Exercise
Do not include the pictures; repeat the rest of the data exactly.

Recorded data

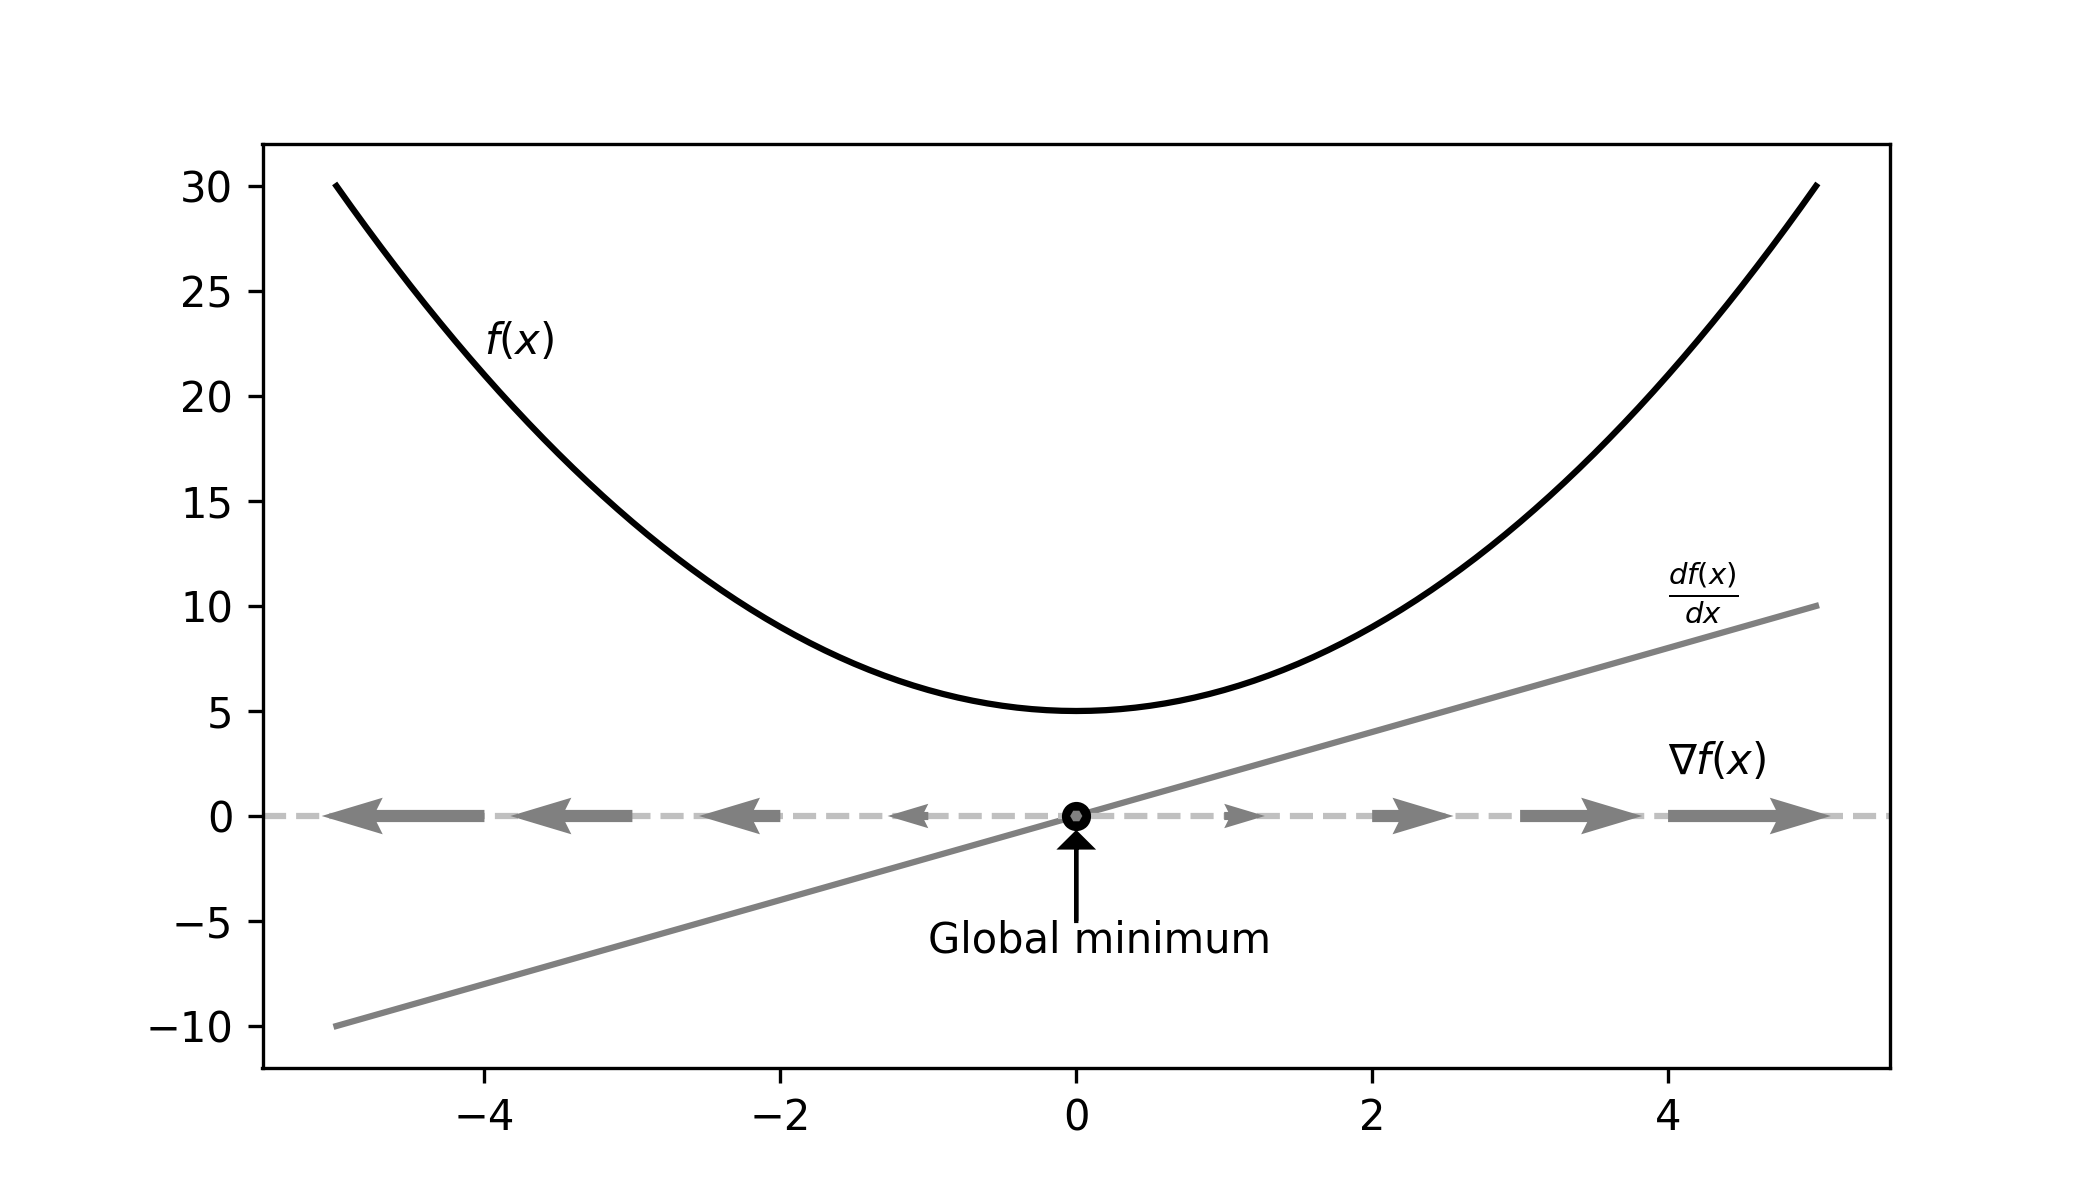 The analytical global minimum with the gradient
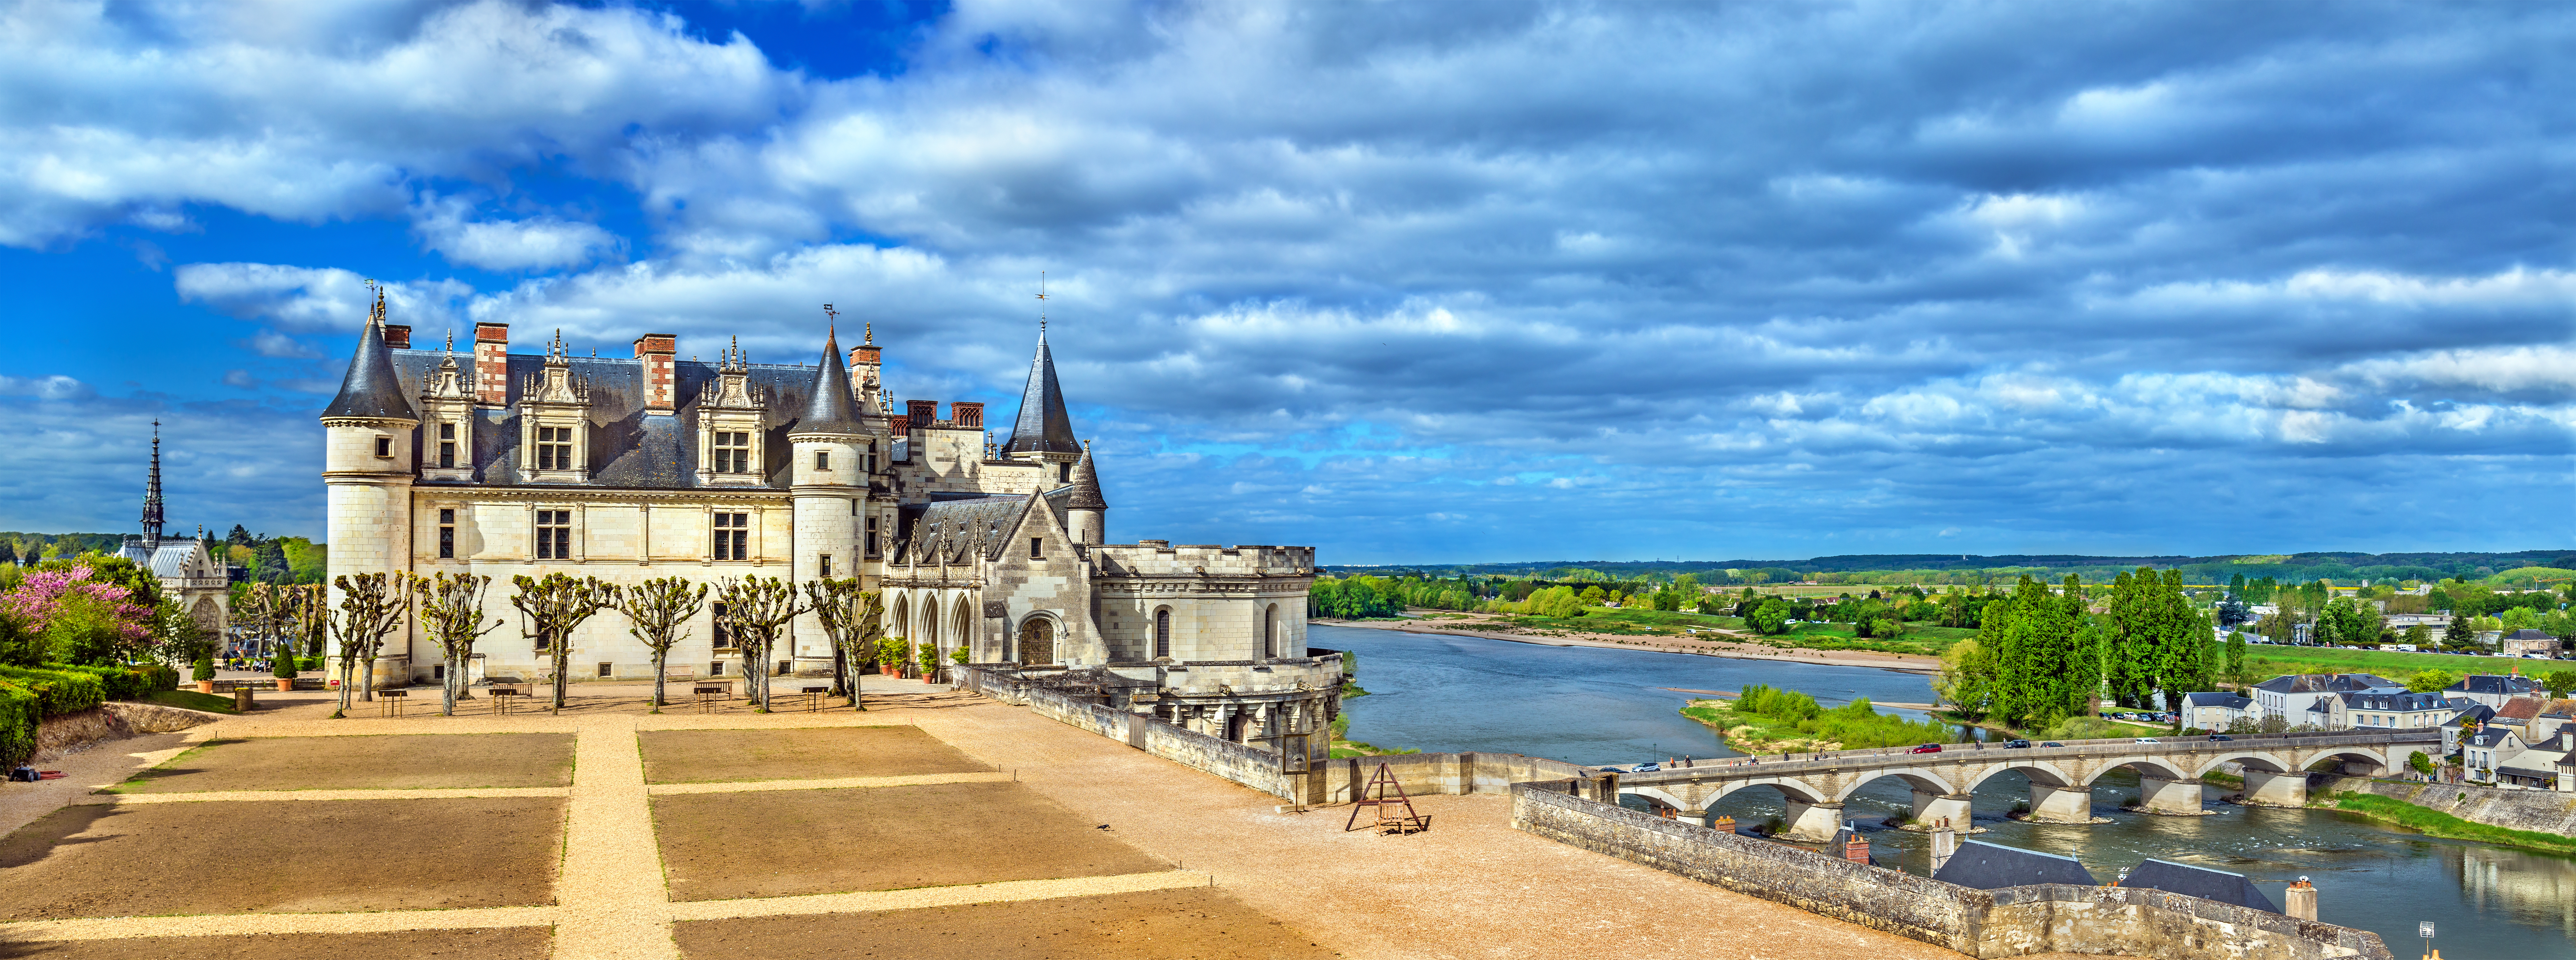 tourhub | Exodus | Cycling The Chateaux Of The Loire - Deluxe | C07LX
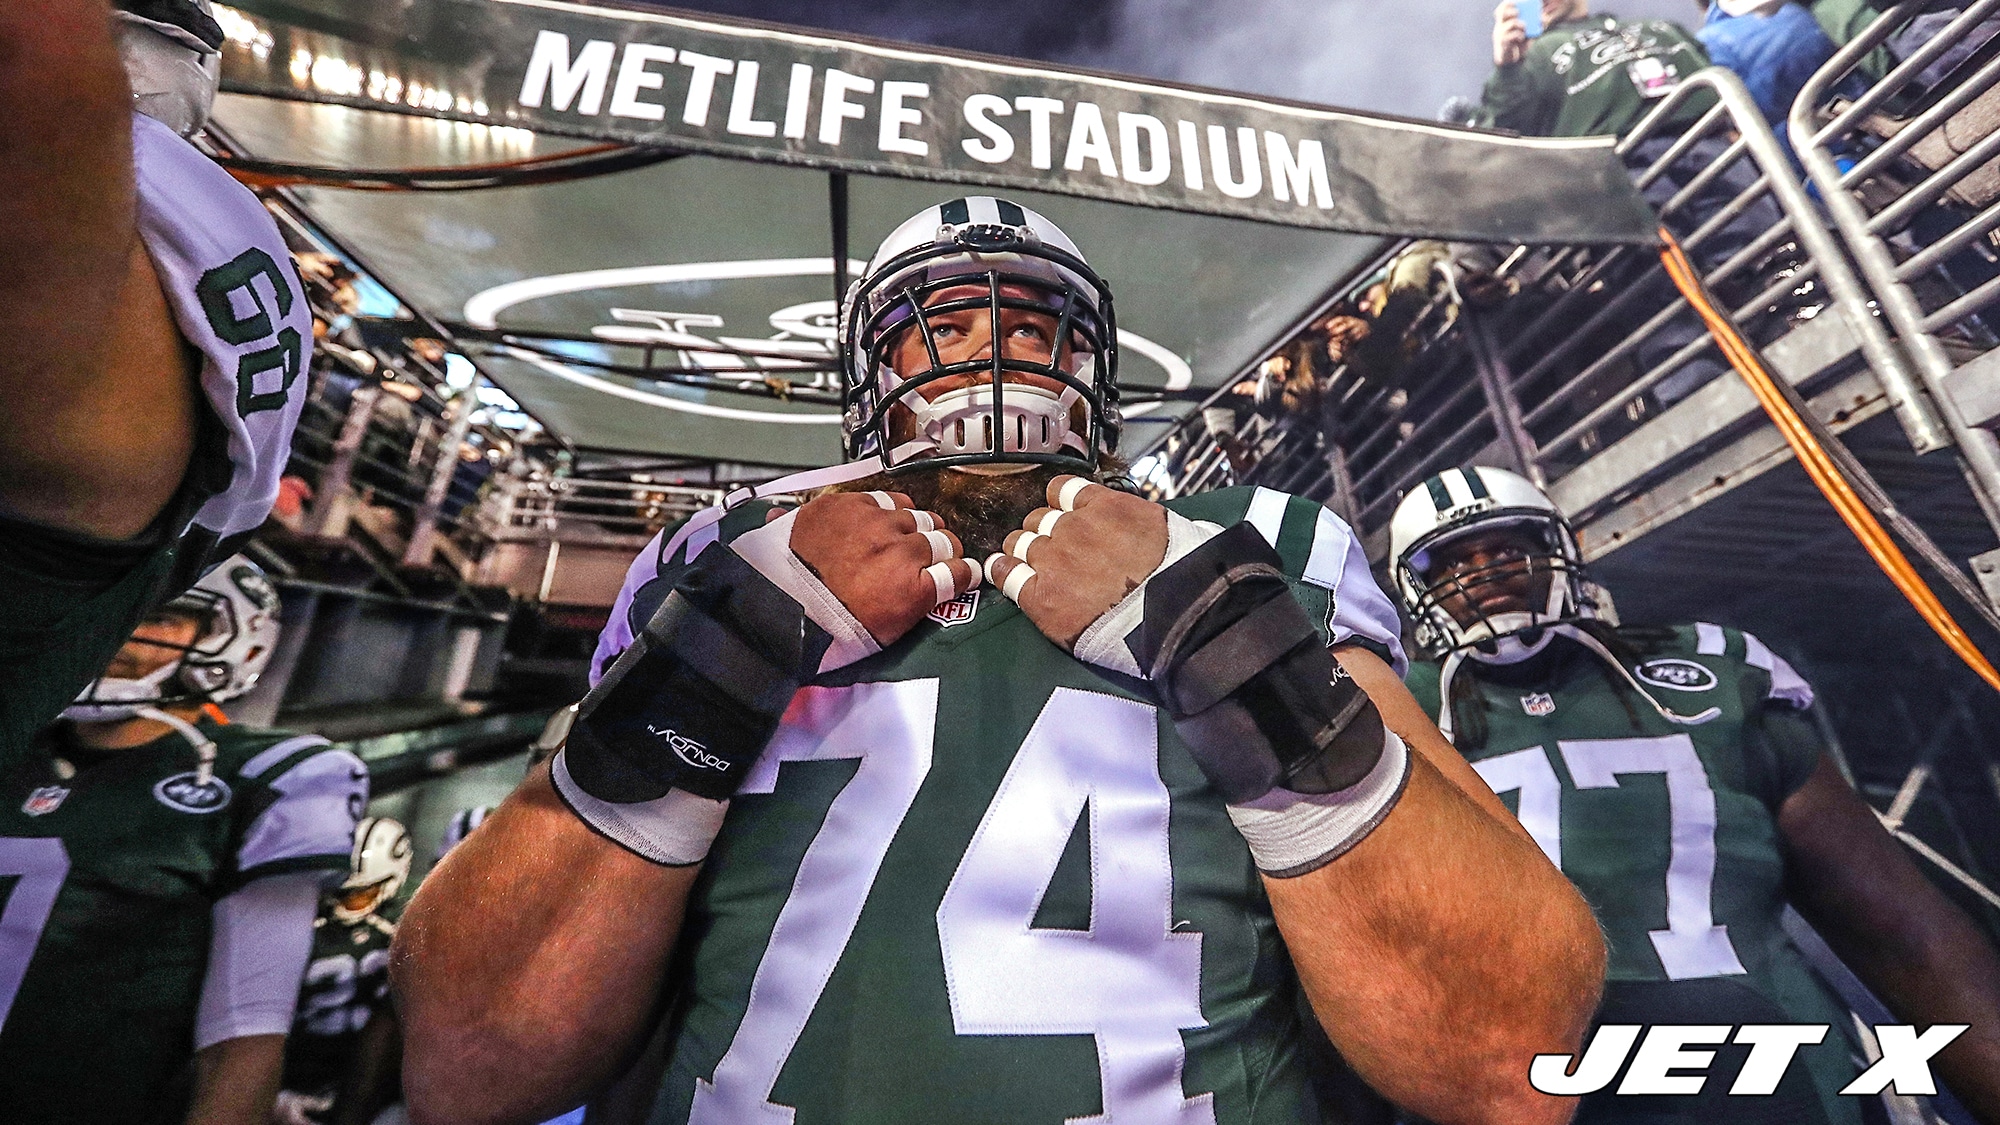 EAST RUTHERFORD, NJ - DECEMBER 05: Nick Mangold #74 of the New York Jets waits to be introduced against the Indianapolis Colts before their game at MetLife Stadium on December 5, 2016 in East Rutherford, New Jersey.

Response area
 The analytical global minimum with the gradient
 tourhub | Exodus | Cycling The Chateaux Of The Loire - Deluxe | C07LX
 EAST RUTHERFORD, NJ - DECEMBER 05: Nick Mangold #74 of the New York Jets waits to be introduced against the Indianapolis Colts before their game at MetLife Stadium on December 5, 2016 in East Rutherford, New Jersey.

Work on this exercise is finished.